The moieties Z and X in the above formula are selected such that the sulfur groups are sufficiently separated to prevent the co-depositing of sulfur into the copper deposit. Preferably, Z, X, and m+n are selected such that the resulting compound is soluble in the bath. Typically, m+n is selected to be from about 8 to about 23 and preferably is selected to be from about 13 to about 16. Examples of preferred compositions useful as additives in the present invention include 1,11 dimercapto 3,5,9 trihydroxy 4,8 dioxa undecane with 16 moles polyethoxylate and 4 moles polypropoxylate. Examples of suitable additives include: 1,6 dimercapto-2,4 dioxahexane ethoxylated with 16 moles of ethylene oxide; 1,8 dimercapto-3,6 dioxaoctane ethoxylated with 16 moles of ethylene oxide; 1,4 dimercapto-2 oxabutane ethoxylated with 20 moles of ethylene oxide; 1,8 dimercapto-3,6-dioxa-octane alkoxylated with 2 moles butylene oxide, with 6 moles propylene oxide and 16 moles ethylene oxide.
The above additives are used in effective quantities in the bath for preventing dendritic formations in the resulting copper deposit on the cathode. Depending on the bath chemistry and current density parameters used, the additive of the present invention is used in amounts of generally from about 5 to about 1000 mg/l, typically from about 20 to about 200 mg/l and preferably from about 20 to about 120 mg/l. Typically, as the ASF current is increased more of the additive is necessary to achieve the desirable result. Also, higher levels of the additive are desirable when the bath includes higher levels of impurities.
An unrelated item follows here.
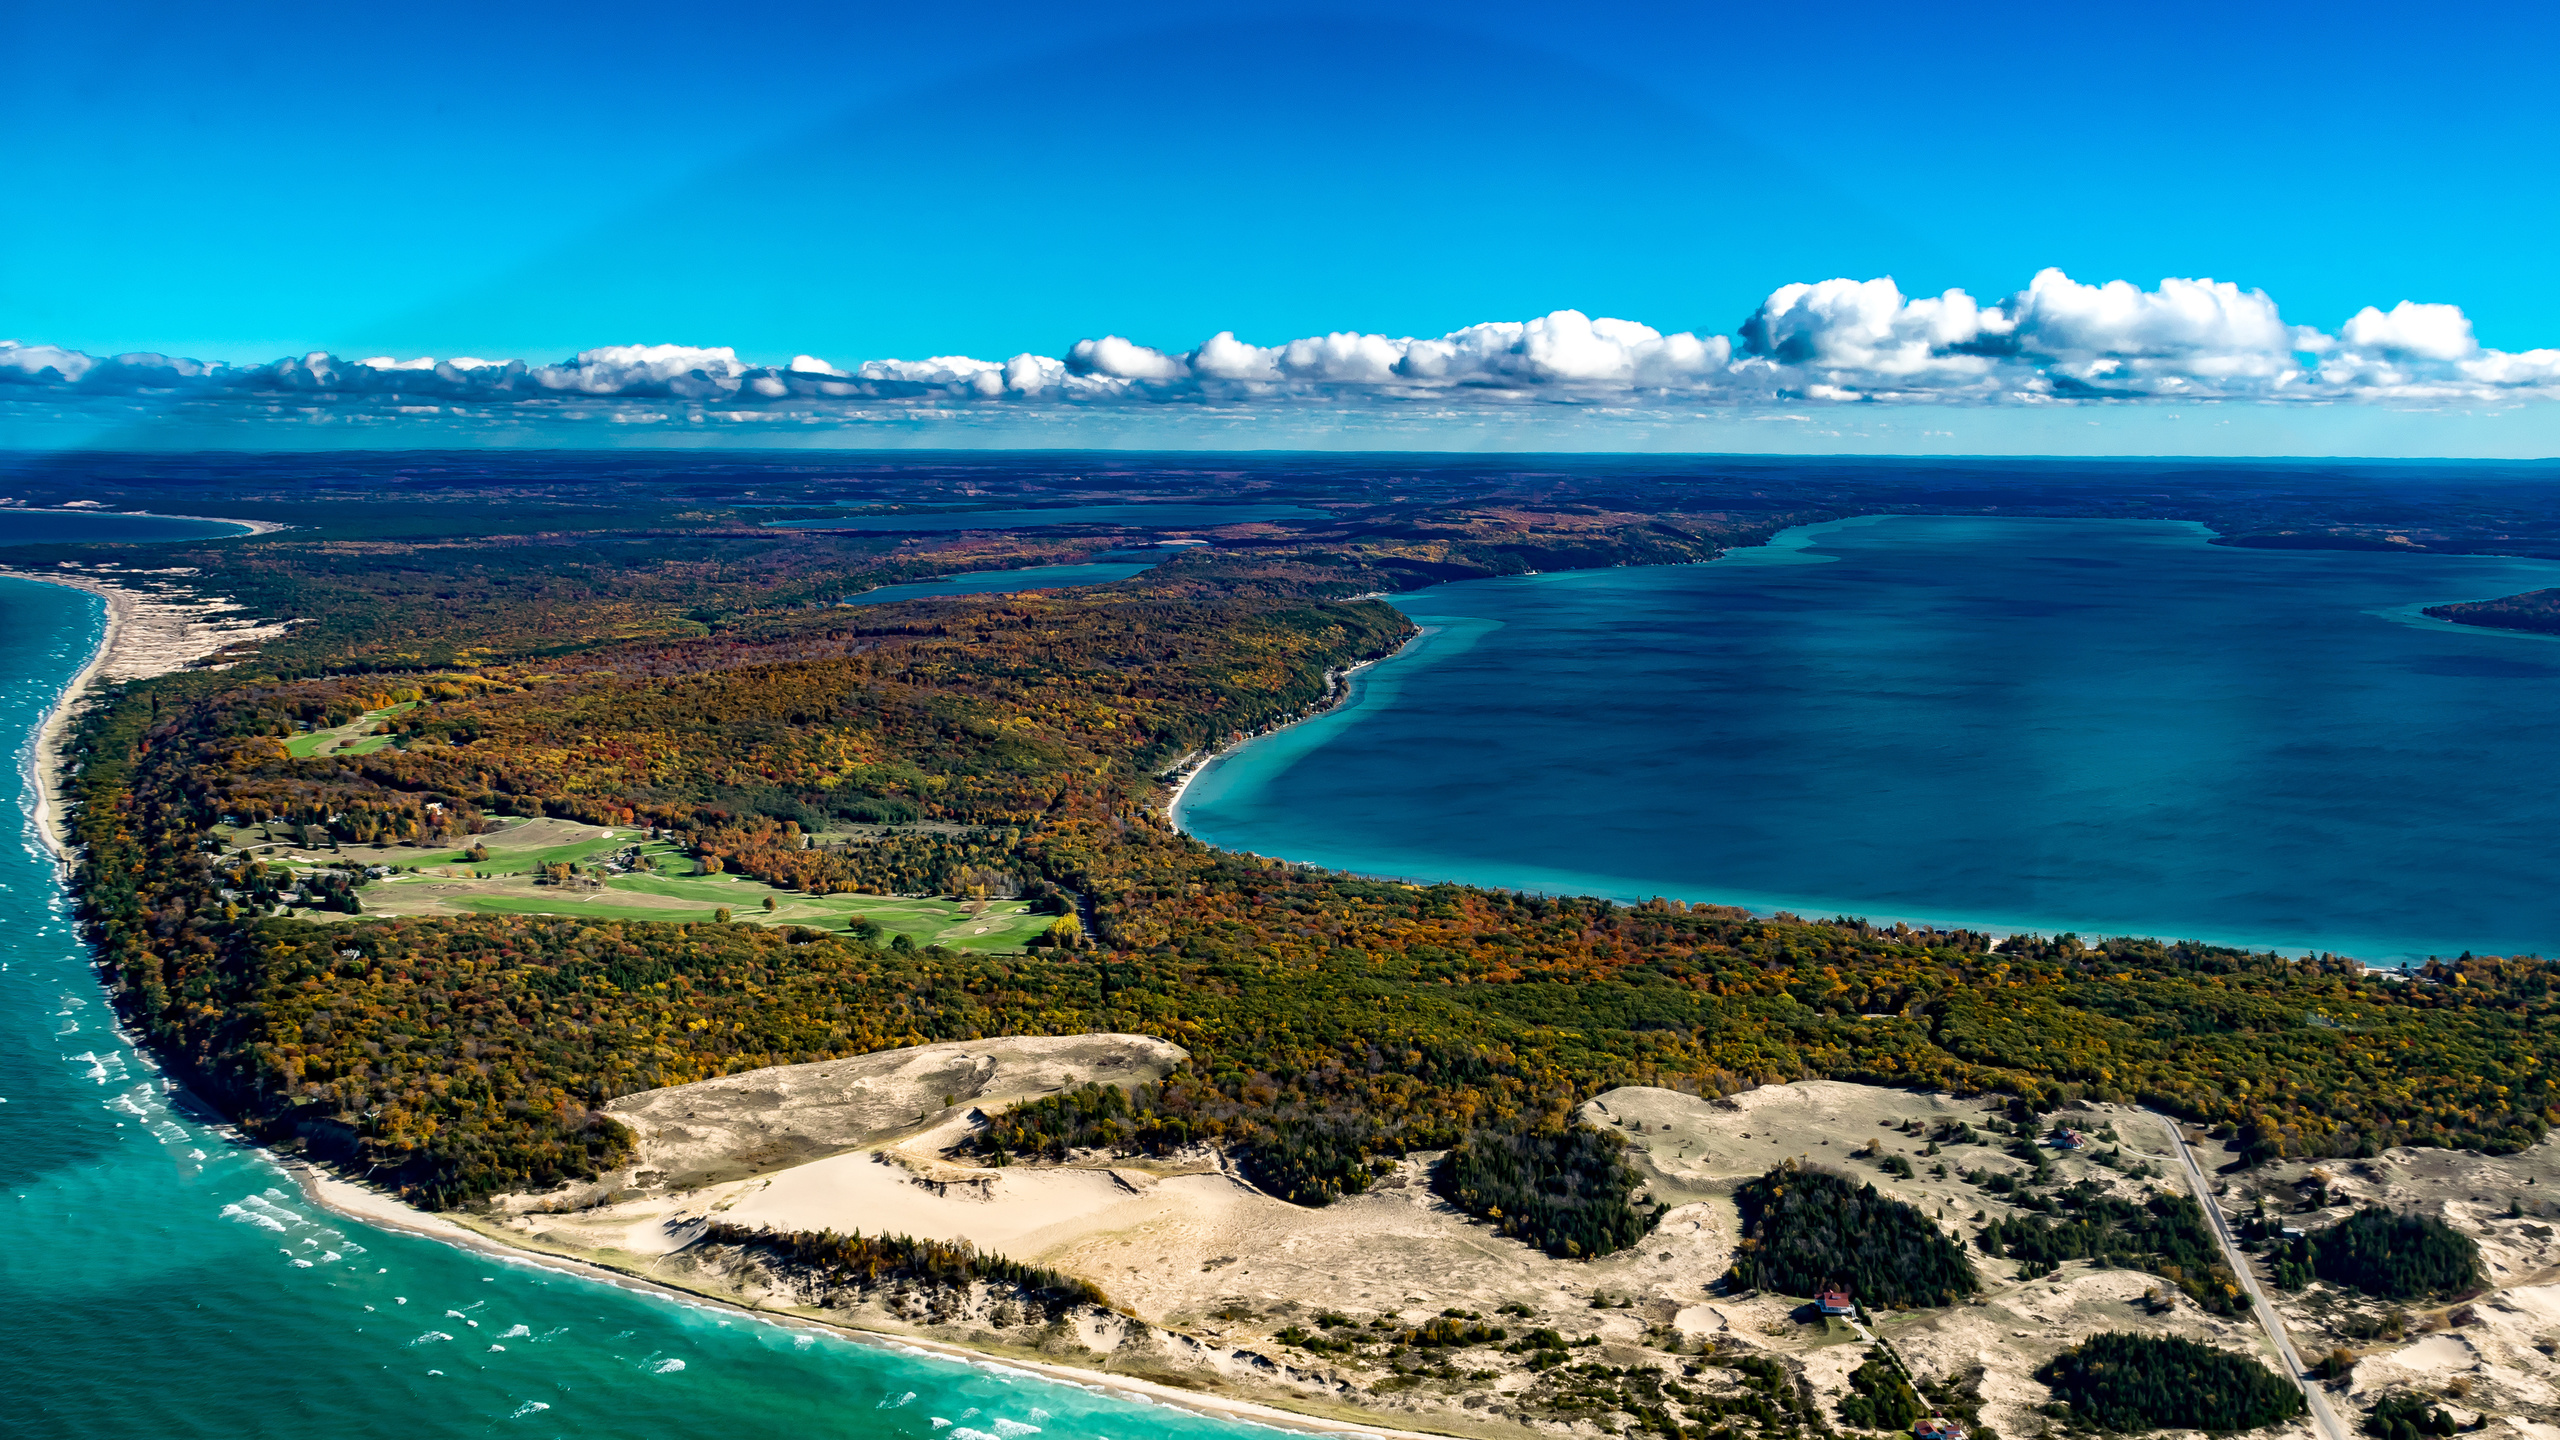 пейзаж, озеро, побережье, crystal lake, michigan, природа

It has been found that the above additive compositions are also useful for producing ductile fine grained copper deposits in other areas such as for decorative copper deposits. Typically, in such an application the amount used is less than about 60 mg/l. The additives are also useful in functional electrical copper baths when used in amounts of from about 60 to about 700 mg/l.
it is within the scope of the present invention that the additives may be used alone or in combination with other known additives. The additives of the present invention are advantageous in that they provide properties of improving ductility and inhibiting dendrite formation which is typically accomplished by other sulfur containing additives, but in this case compounds of the present invention, do not co-deposit sulfur in the copper deposit. This is critical in electrorefining operations and in uses of the copper plating in electronics applications. Additionally, the additives of the present invention do not break down into harmful by-products which could cause complexing and co-depositing of other metals in the copper deposit. The additives of the present invention have the advantage that they will break down into carbon dioxide and sulfates. These byproducts are known to be compatible with the bath.
In a further aspect, a particularly useful additive in electrorefining baths is a depolarizing additive having the formula:
A--R7 --(S)n --R8 --Q--O3 --B
R7 and R8 are alkylene groups having 1-6 carbons;
A is selected from H, an acid sulfonate or phosphonate, an alkali metal sulphonate or phosphonate, an ammonium salt sulfonate or phosphonate, or an alkali substituent;
B is selected from H, a group I or group II metal ion or an ammonium ion;
Q is either sulfur or phosphorous.
Such additives are useful either alone or in combination with the above dimercaptans to provide improvements in electrorefining applications. Particularly, additives of the above formula are useful as de-polarizing agents in electrorefining baths. These additives reduce current consumption to provide large cost savings in large scale electrorefining operations. These additives provide de-polarization substantially without complexing or co-depositing of other impurities from the bath. These additives are useful in ranges of from 0.01 to 25 mg/l. Thus, requirements for these materials are very low, which make them economical in electrorefining applications.
Examples of suitable de-polarization additives include:
HO3 P--(CH2)3 --S--S--(CH2)3 --PO3 H;
HO3 S--(CH2)4 --S--S(CH2)4 --SO3 H;
NaO3 S--(CH2)3 --S--S--(CH2)3 --SO3 Na;
HO3 S--(CH2)2 --S--S(CH2)2 --SO3 H;
CH3 --S--S--CH2 --SO3 H;
NaO3 --(CH2)3 --S--S--S--(CH2)3 --SO3 Na; and
(CH2)2 --CH--S--S--(CH2)2 --SO3 H.
Further understanding of the present invention will be realized from the following examples set forth herein for purposes of illustration but not limitation.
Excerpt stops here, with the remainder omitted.